Migrate from Azure Cosmos DB to Amazon DynamoDB using AWS Glue

By mullaned2002

August 29, 2022

687

To take advantage of the performance, security, and scale of Amazon DynamoDB, customers want to migrate their data from their existing NoSQL databases in a way that is cost-optimized and performant. In this post, we show you how to migrate data from Azure Cosmos DB to Amazon DynamoDB through an offline migration approach using AWS Glue.

AWS Glue is a serverless data integration service that makes it easy to discover, prepare, and combine data for analytics, machine learning (ML), and application development. AWS Glue provides all the capabilities needed for data integration, allowing you to analyze your data in minutes instead of weeks or months.

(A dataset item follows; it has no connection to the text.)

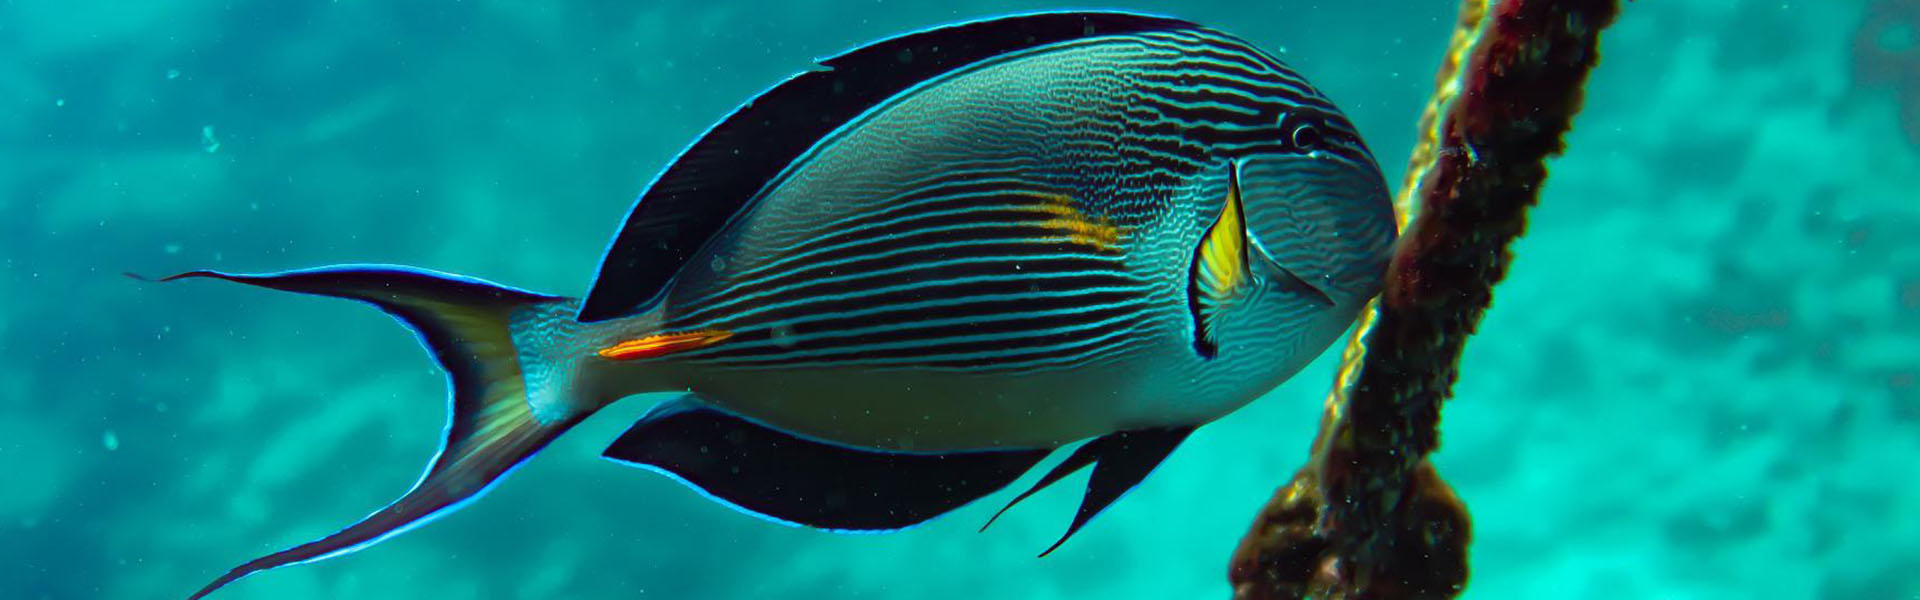 The Sohal Surgeonfish

DynamoDB is a fast, flexible, scalable, highly available, and fully managed non-relational database service. It’s a multi-Region, multi-active database that provides consistent single-digit millisecond latency, built-in security, backup and restore, and in-memory caching.

Solution overview

Figure 1 shows a high-level diagram of the solution. The solution uses AWS Glue to move data from Azure Cosmos DB to an Amazon Simple Storage Service (Amazon S3) bucket and then to a DynamoDB table.

Figure 1: Using AWS Glue to migrate data from Azure Cosmos DB to DynamoDB

This solution uses the following services:

Amazon DynamoDB – Stores the data migrated from Azure Cosmos DB.
AWS Glue – Extracts, transforms, and loads the data into DynamoDB.
AWS Secrets Manager – Stores the Azure Cosmos DB database credentials.
Amazon S3 – Stores the data from Azure Cosmos DB in JSON format. With your data in S3, you can use native AWS services to run big data analytics, artificial intelligence, machine learning, and media data processing applications to gain insights from your data sets.
Amazon Athena – Queries the data in S3.

The migration process

The migration process includes the following steps:

Verify the prerequisites.
Configure access from AWS Glue to Azure Cosmos DB.
Stage the azure-cosmosdb-spark JAR file in Amazon S3.
Configure, run, and validate the results of an AWS Glue job to migrate data from Azure Cosmos DB to Amazon S3.
Configure, run, and validate the results from the AWS Glue job to migrate data from S3 to DynamoDB.

Prerequisites

You must have the following prerequisites in place before you start:

An Azure Cosmos DB source container with data.
An AWS account with a DynamoDB target table and an S3 bucket.
An AWS Identity and Access Management (IAM) role named CosmostoDynamoGlueServiceRole with an attached AWS managed policy named AWSGlueServiceRole that has access to use S3 and AWS Glue.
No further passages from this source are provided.